In the Gospel, we see the story of the Temptation of Jesus in the desert.  Instead of the image of the serpent, there is the image of the devil tempting Jesus before he begins his ministry.  The Temptation to follow a path different from the path of God.  Instead of self-sacrificing love to embrace power.  Jesus is tempted to follow a path so often followed by leaders in this world, the way of power, success and domination.  But, Jesus is called to a path of love and the gift of his very self.  All of us can be tempted to choose power over others rather than service, to want to be successful in the eyes of others rather than do what is right, to win rather than to do what is good and true.

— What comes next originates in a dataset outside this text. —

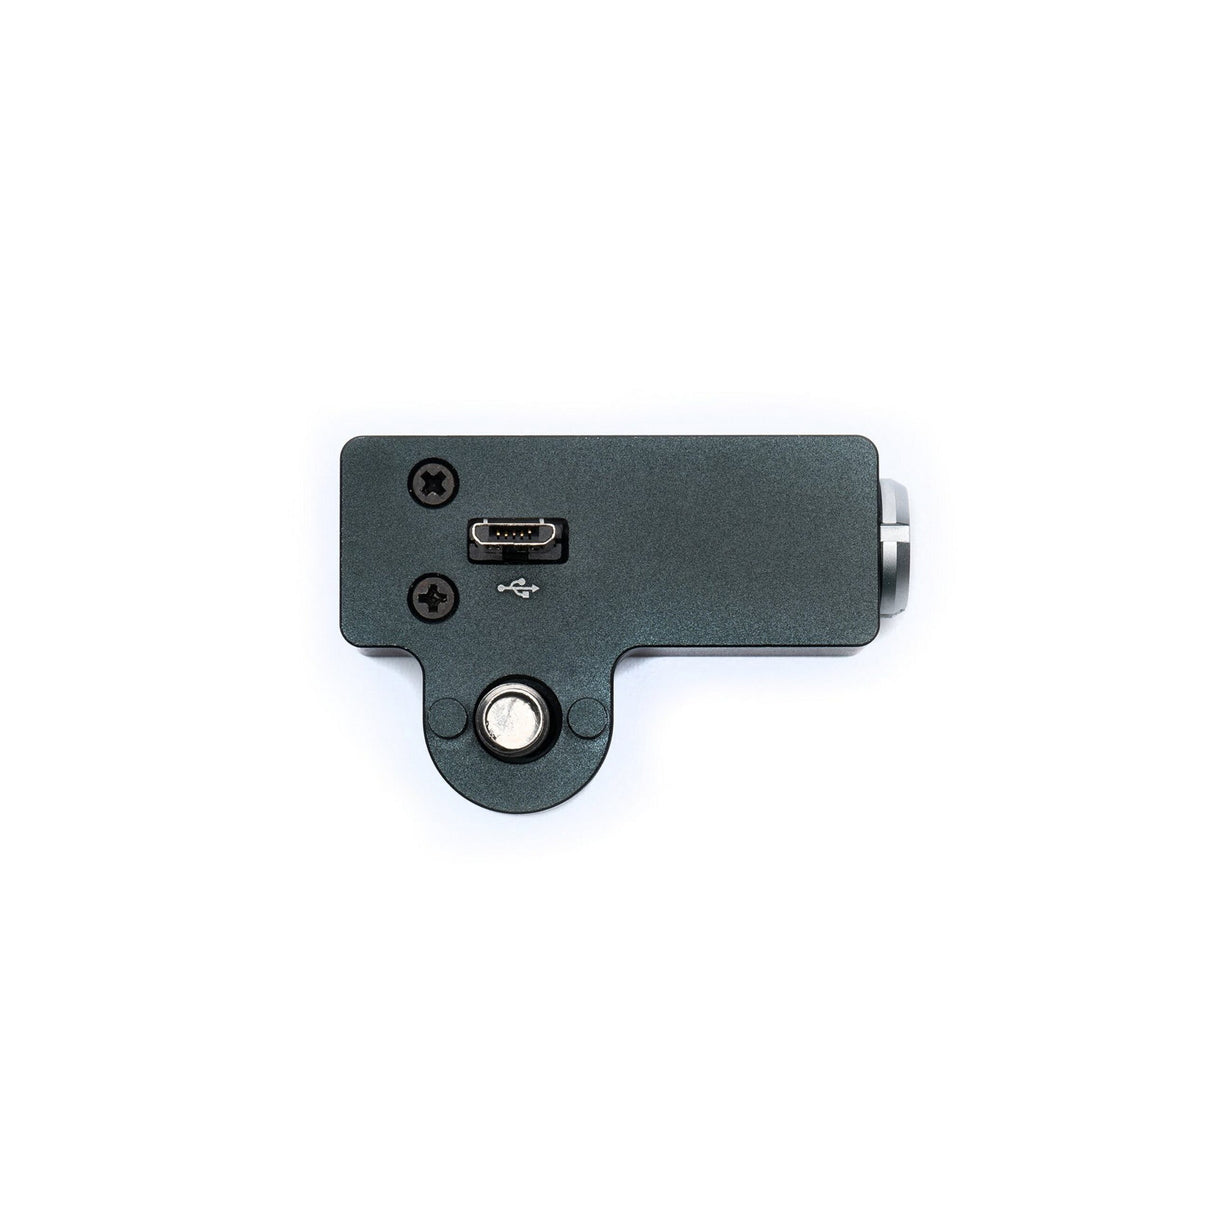 SmallHD Micro USB to 5-pin Lemo Adapter

It is important for us to understand the reality of evil.  To realize that we are capable of evil, that others are capable of evil, that our institutions are capable of evil, including the church.  This keeps us awake and keeps us honest with ourselves.

Evil enters our lives when we stop being grateful for what we have and become focused ongetting what we do not have.  Evil enters our lives when we give into lies, rationalizing, blaming others.

Evil always enters our lives through falsehoods, lies, lack of truth.  The greatest way to avoid evil is utter honesty.  Be ruthlessly honest with yourself and with others. Lies are like opening a door that allows evil to enter our lives and our institutions.

Evil is a reality, understand it and face it honestly.  Do not be afraid of evil, for evil has no power except what we give it.  Evil has no power at all when faced with truth and honesty.